What Are You Chasing?

The end of the matter; all has been heard. Fear God and keep his commandments, for this is the whole duty of man.

Ecclesiastes 12:13

As Solomon concludes his teaching, he sums up everything he’s been trying to say with these words from verse 13 of chapter 12, “Fear God and keep his commandments, for this is the whole duty of man.” That’s a stunning statement. Everything we are living for, if it isn’t consciously submitted to God, is a vapor. This is the entire point of the book of Ecclesiastes.

We are prone to give our lives to almost everything but God. In fact, we are so sinful that unless God breaks into our lives and recreates our heart, we will pursue everything the world offers without ever finding lasting satisfaction. Solomon knew this. He lived it. Ecclesiastes is his witness to the reality of how easily we can waste our lives. So, he ends with these words to put us on the right path for fruitful living. After chronicling all of the ways the richest person in the world can chase happiness and satisfaction, he tells us plainly the only way to gain all that we really want.

Life in this world goes fast. It is a vapor. So much of what we do won’t last. We will build things to hand off to others, who may or may not steward it well. We will accumulate things only to see them given away. We will pay for things that rot over time. Everything of this world stays of this world. The only thing we carry around with us that will go with us after death is us. So, what are you living for? That’s the question Solomon raises in this book. What you are living for will tell everything you need to know about who you are. Are you living for God or for the world?

Since life in this world doesn’t last forever, there must be something eternal to live for or you will waste your life. And since few things in existence are eternal, we better be sure that we focus on those few things that are eternal above everything else. Here’s how we do that: “Fear God and keep his commandments.”

This focuses on two eternal realities, the only two eternal realities. God has always been eternally present. We, his creation whom he loves, are eternal from our conception. So we, the creation, must respect God, the Creator. We must fear God and keep his commandments.

To fear God means to worship God as God. Fearing God is giving him the respect, honor, and glory that the Lord of all creation is due. God is God; there is no other (Isa. 45:5). We fear God when we read the Bible and receive it whole, without filtering it down to fit our current construct of him. We don’t want to define God for him. We let him define himself. He sets the rules in our life.
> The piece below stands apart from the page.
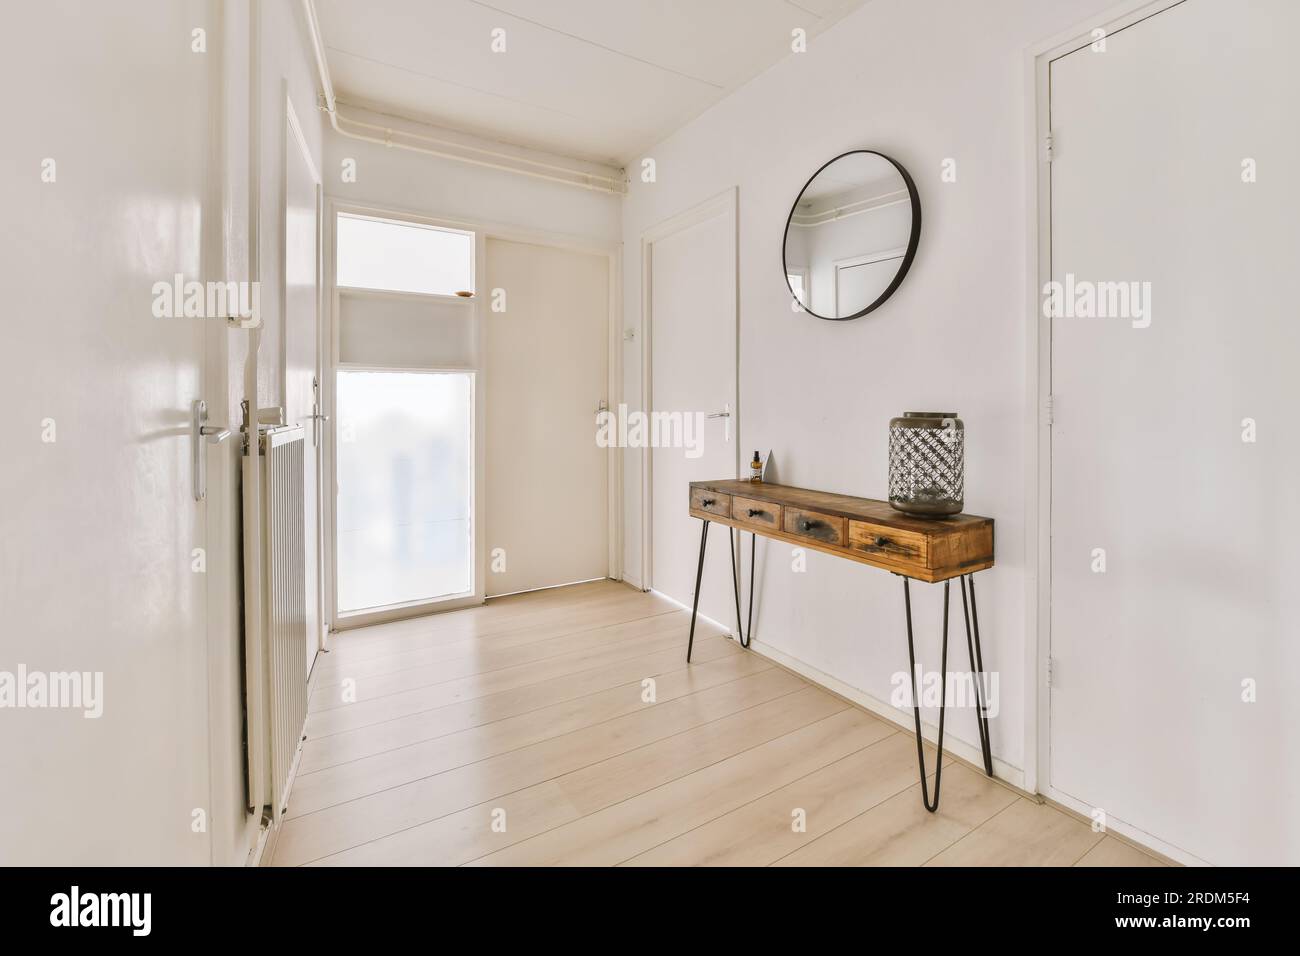 un couloir avec des murs blancs et du parquet la chambre a une table console en bois d'un côté il y a un grand miroir rond Banque D'Images

Sinclair Ferguson explains the fear of God this way:

“The fear of God is not terror. Terror of God is the reaction of guilt in the face of his holy power. It desires only to run from him in despair. Through every aspect of his character God means to show us his glory. This he loves to do more than anything else. Moreover, he loves his people so much that he will let nothing stand in the way of them coming to share in this glory. The person who sees this learns what it means to fear God. It means to be filled with a sense of breathtaking awe at his character. It means to realize with shame that although we have been made to live as his image, we have forfeited by our sin our privileges and our destiny. It means also that we have begun to realize the costly way in which he restores that glory to us. The fear of God in some ways defies our attempts at definition, because it is really another way of saying ‘knowing God’. It is a heart-felt love for him because of who he is and what he has done; a sense of being in his majestic presence. It is a thrilling awareness that we have this greatest of all privileges, mingled with a realization that now the only thing that really matters is his opinion. To fear God is to be sensitive to both his greatness and his graciousness. It is to know him and to love him wholeheartedly and unreservedly. To fear God, to trust God, to love God, and to know God – these are really one and the same thing.”

Since God is God, the all-powerful sustainer of life, and since he has given us commandments to follow, we should be very careful to follow them. If God were to show up and tell us this morning how our life would work at its very best, we would pay attention. We would write down every single word he said. We would be on the edge of our seat. We would set our alarm and get up early and be ready for him when he arrives. We wouldn’t waste that time. Well, through his word God has given us that gift. He has told us how life works. More than that, he has told us in every way imaginable. He has given us narratives. He has expressed it in poetry. He has given us songs and proverbs and examples. In Ecclesiastes, he gives us the wisdom that he gave to Solomon. It turns out that Solomon’s wisdom wasn’t for his own use only. It was also God’s amazing gift to us. And the sum of his wisdom, after a life spent chasing everything else, is that we should fear God and keep his commandments.

We can try to live another way. We can pursue everything we think will satisfy us. Or we can listen to a man who went after it all, got it all, and was disappointed in the end. What that man says is that the end of the matter is this, that we should fear God and keep his commandments, because that is the whole duty of man. Loving Jesus for who he really is means we want to keep his commandments without any shortcuts. And that, according to Ecclesiastes 12:13, is the whole of life. We love God and obey him.

The question for us, then, is this: what are you chasing today and how can the grace of God in the gospel of Christ speak to the longing behind that chase?